Thanks for all these recommendations. Really helpful.

We did kayaking from vallon pont D'arc last year and it was superb. Will defiantly want to do that again. Hopefully somewhere with rapids!


----------



## SNandJA (Aug 22, 2008)

barryd said:


> Thanks for all these recommendations. Really helpful.
> 
> We did kayaking from vallon pont D'arc last year and it was superb. Will defiantly want to do that again. Hopefully somewhere with rapids!


You can also do the valley upstream of Vallon Pont D'Arc - less busy! Camping la Digue is one of these the owners have children who are canoe champions. This other one is located in an interesting spot near Balazuc a quaint village but with canoe possibilities and is called Camping les Coudoulets.

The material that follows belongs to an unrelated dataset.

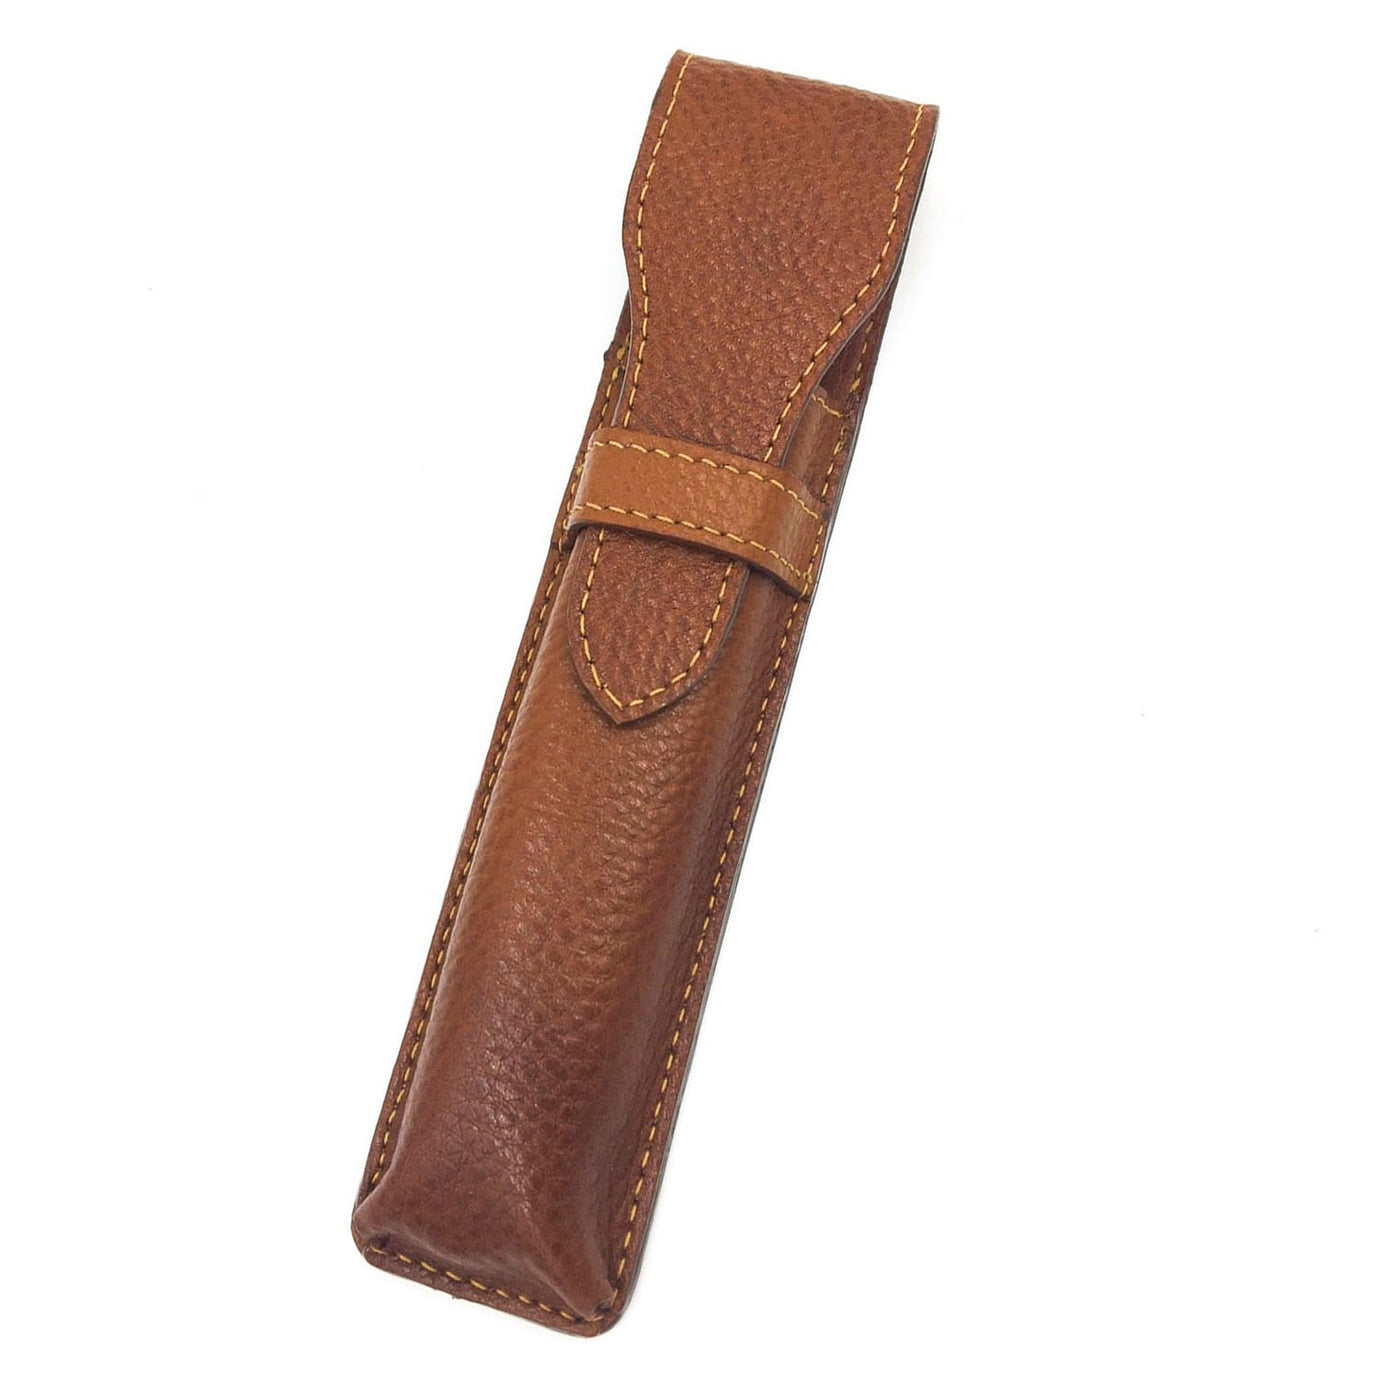  Parker Straight Razor Leather Pouch by Parker sold by Naked Armor Razors

p.s. If you are still in Luberon Valley and if you have seen "A Good Year" with Russell Crowe then the aire at Gordes is a good overnight stay. Approach from the west of Gordes and the aire is behind the Gendarmarie and then a short flat walk into town!

Steve


----------



## barryd (May 9, 2008)

Thanks. We are heading Gordes way today to the place where a year in Provence was written and filmed (bonniox)? We have stayed at gordes before but on the free parking area just down from the town. Might go back as i think its Market day tomorrow!


----------